I note the Arbitrator found Mr Watts to be partially incapacitated for work with a capacity for certain part-time/casual positions which were readily available to him in the labour market reasonably accessible to him. The Arbitrator discussed the relevant evidence at some length. He discussed, in particular, Mr Watts’ evidence, and said he was not persuaded by Mr Watts’ explanation for his not being able to undertake work suggested as suitable for him, given other evidence from Mr Watts as to the improvement in his health and capacity for work.
I am not satisfied that the Arbitrator made any error in his treatment of the evidence and in following the approach prescribed in Mitchell, nor specifically, in addressing the practical realities of the labour market reasonably accessible to Mr Watts as required by Lawarra. In his Statement of Reasons, the Arbitrator discussed the relevant evidence and that underpinning his findings, such that a reader would be able to understand his reasoning process. In my view, the Arbitrator’s reasons comply with the adequacy requirement. Thus, I reject the fifth and sixth grounds of appeal.
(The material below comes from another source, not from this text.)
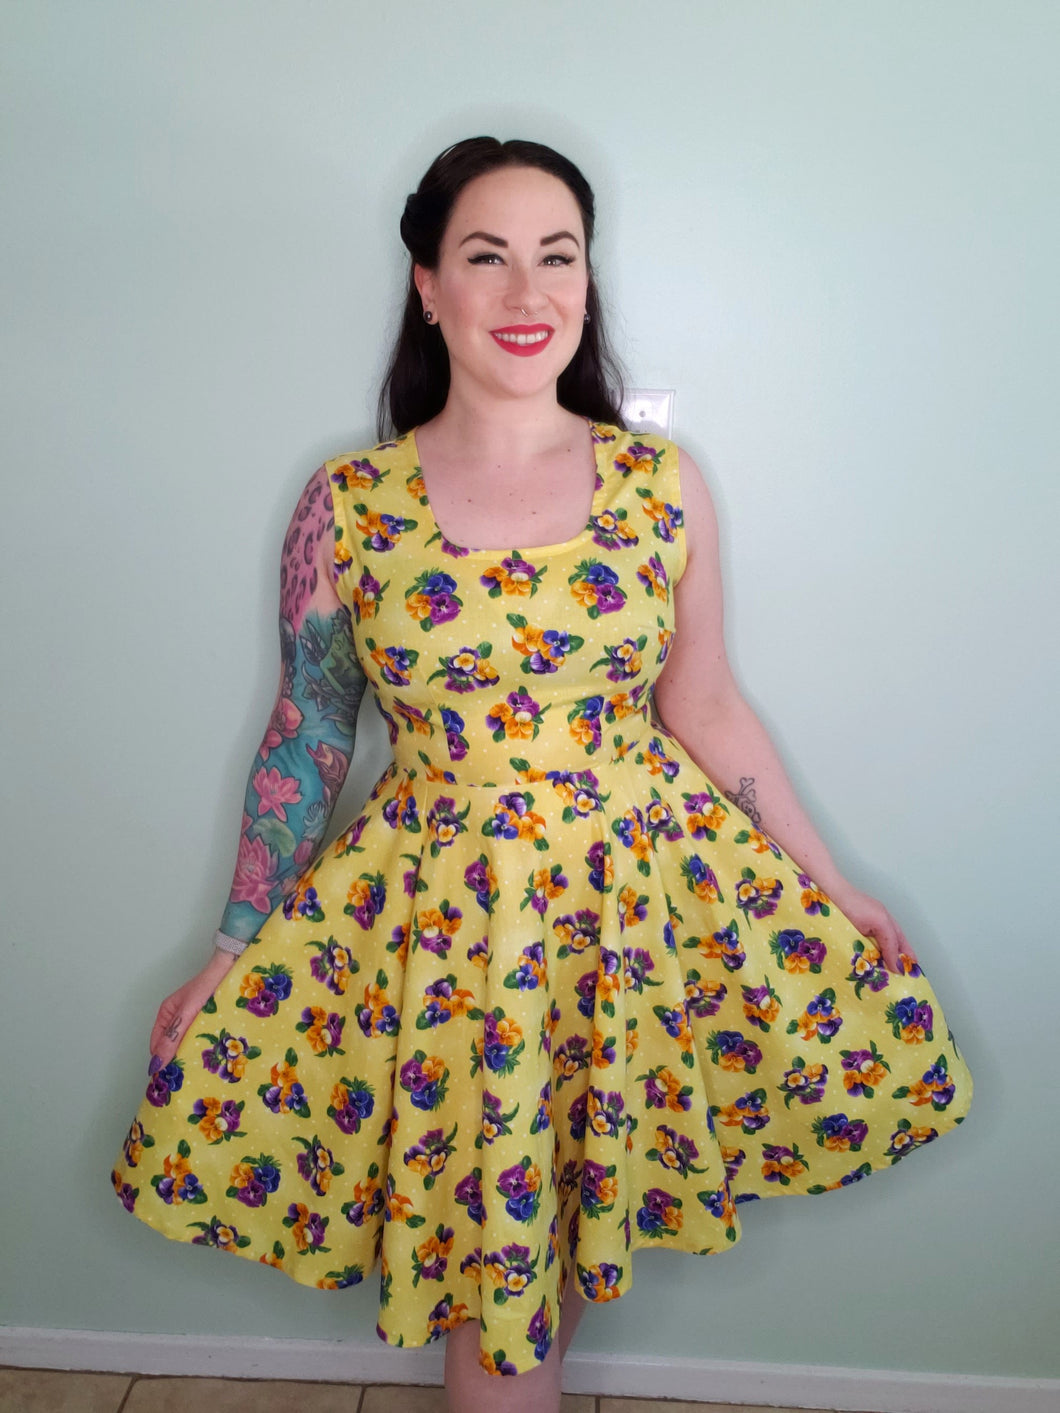 Rosemary Dress in Yellow Polka Dot Pansy
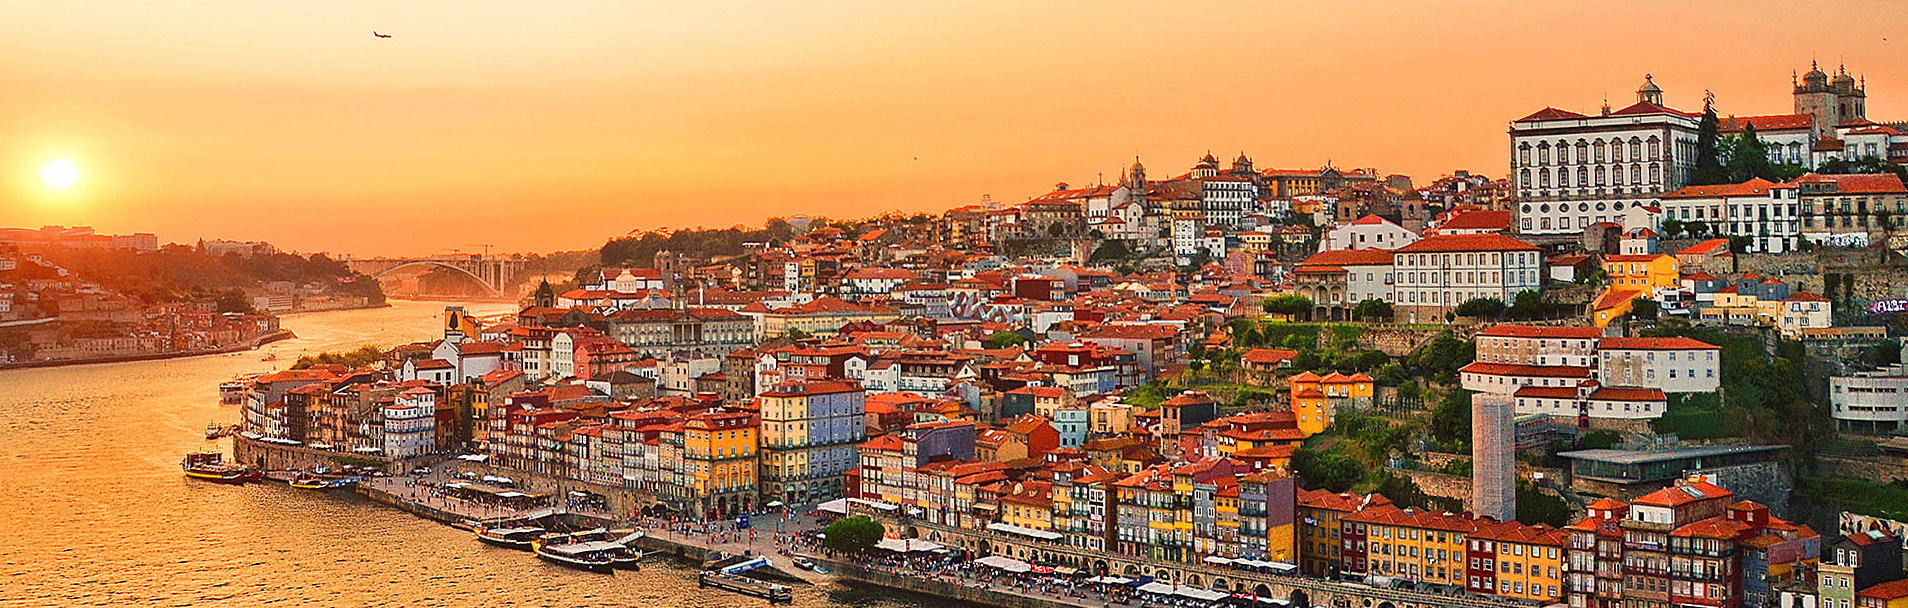 Portugal-Reiss-Reisen-Luxusreisen-Porto_Portugal

Mr Watts’ solicitors have failed to establish any of their grounds of review and the Arbitrator’s decision must therefore be confirmed.
DECISION
The decision of the Arbitrator dated 4 April 2007 is confirmed.
COSTS
There is no order as to the costs of this appeal.
Robin Handley
Acting Deputy President
25 July 2007
I CERTIFY THAT THIS IS A TRUE AND ACCURATE RECORD OF THE REASONS FOR DECISION OF ROBIN HANDLEY, ACTING DEPUTY PRESIDENT OF THE WORKERS COMPENSATION COMMISSION.